At one point, this was the only procedure available to repair hernias. Using this method, your surgeon will make an incision in the abdomen over the location of the surgery. Then the surgeon will push protruding tissue back into the correct position within the abdominal cavity, and stitch the incision closed. This type of surgery is also called a tension repair because the stitches put tension on each side of the hernia in order to keep it closed. It can be a painful procedure and is rarely the best alternative.

Another alternative with open surgery, is a tension-free approach. In this method, mesh patches of synthetic material are used to repair hernias. Patches are sewn over the weakened area in the abdominal wall after the hernia is pushed back into place, rather than stitches on either side of the tear. The patch decreases the tension, reducing the risk that a hernia will recur.

Laparoscopic

Laparoscopic hernia repair is similar to other laparoscopic procedures. You will be given general anesthesia and your surgeon will make a small incision in your abdomen. The abdomen is then inflated with air so that the surgeon can see the abdominal organs using a small camera called a laparoscope. The instruments to repair the hernia are inserted through other small incisions in the lower abdomen. Mesh is then placed over the defect to reinforce the abdomen. This is considered another tension-free approach. A laparoscopic approach also results in fewer, and smaller, incisions and can be less painful than open surgery alternatives.

Robotic

Eastern Surgical specializes in the most advanced, modernized form of hernia repair surgery. Robotic surgery involves sophisticated da Vinci Robotic technology which enables our surgeons to repair hernias using a a virtually painless and scarless system.

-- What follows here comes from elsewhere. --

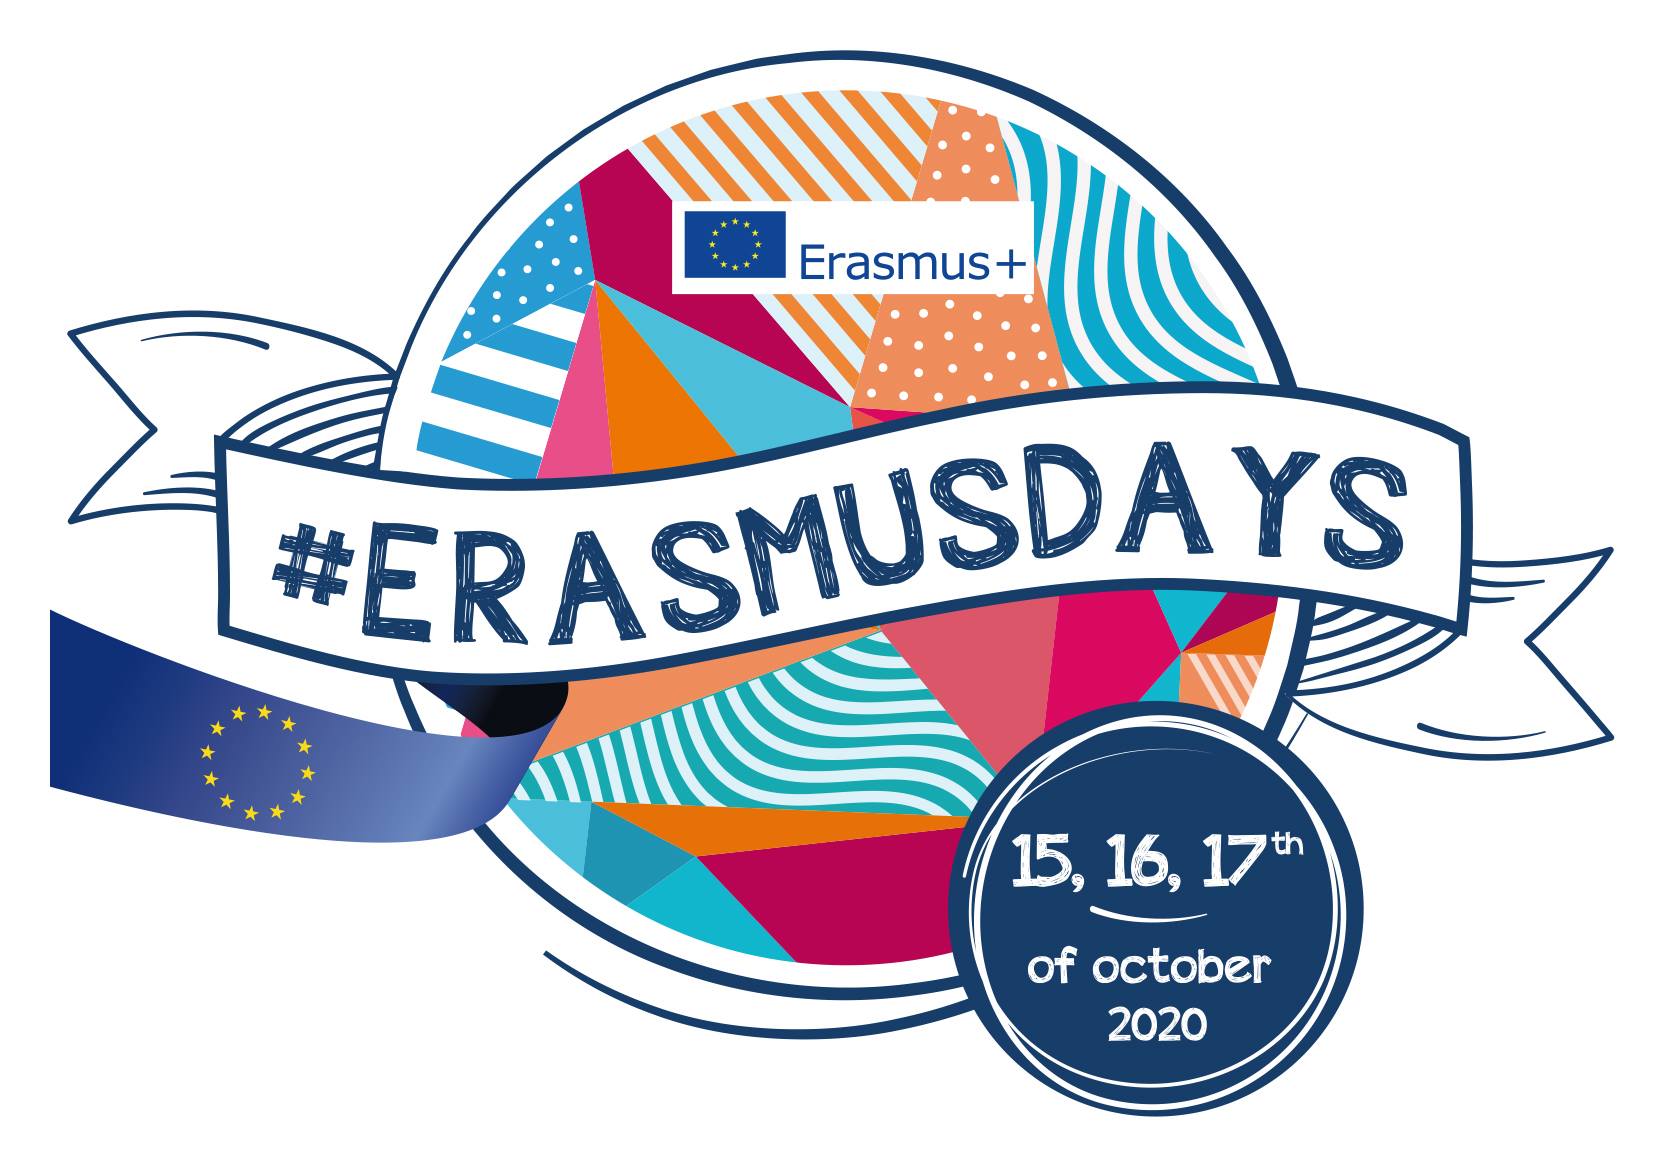 Eramus days - international

The da Vinci System is similar in concept to laparoscopic surgery but features a magnified 3D high-definition vision system and special wristed instruments that bend and rotate far greater than the human wrist. These features enable Eastern Surgical to operate with enhanced vision and precision. The da Vinci System features a magnified 3D high-definition vision.

Patients who choose da Vinci Single-Site Surgery experience virtually scarless results and lower recurrence rates than patients choosing alternative methods.

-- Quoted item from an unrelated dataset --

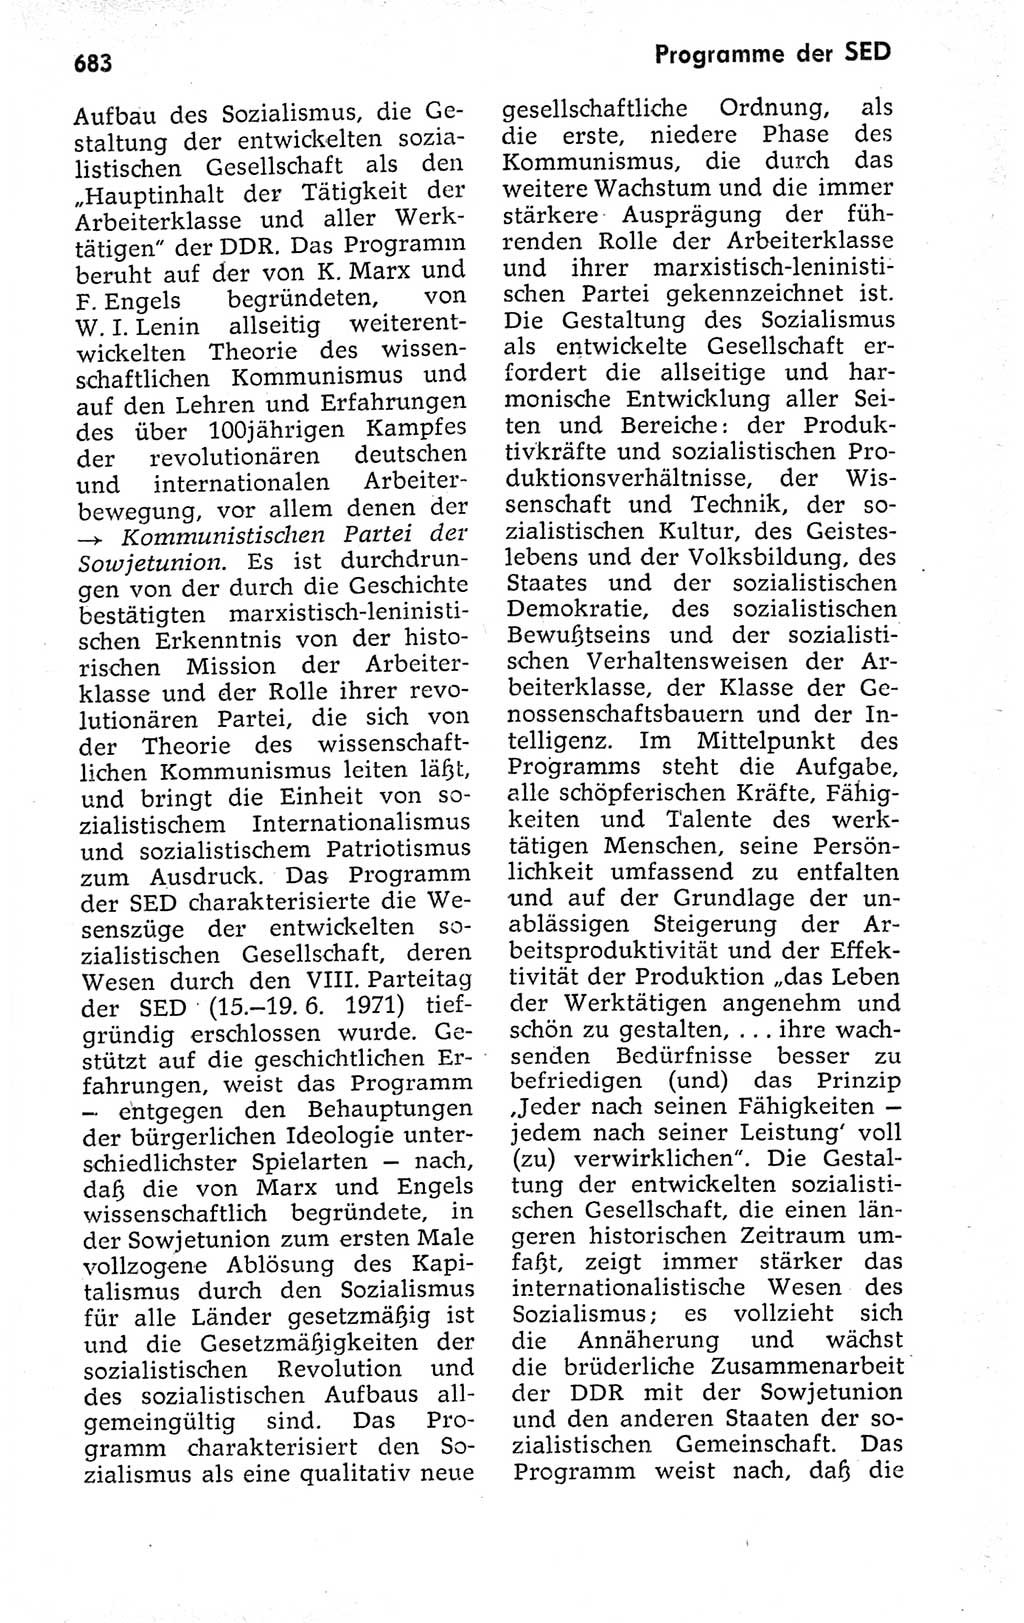 Kleines politisches Wörterbuch [Deutsche Demokratische Republik (DDR)] 1973, Seite 683 (Kl. pol. Wb. DDR 1973, S. 683)

What should I expect following the operation?

For many, hernia repair is an outpatient procedure, or some patients may need to stay 1 or 2 days in the hospital.

Depending on your occupation, the time for full recovery can vary. If you have a very strenuous job or one that requires heavy lifting, it could be several weeks before you can get back to work. However, patients that work in less strenuous environments could be back to work in as little as three days. Eastern Surgical will provide you with a detailed recommendation on when to return to work and resume your normal daily activities.

We recommend moderate exercise, such as walking, to improve your circulation and speed the healing process. However, you will need to avoid putting a strain on your bodies, by avoiding heavy lifting and strenuous exercise, for six to eight weeks after the surgery.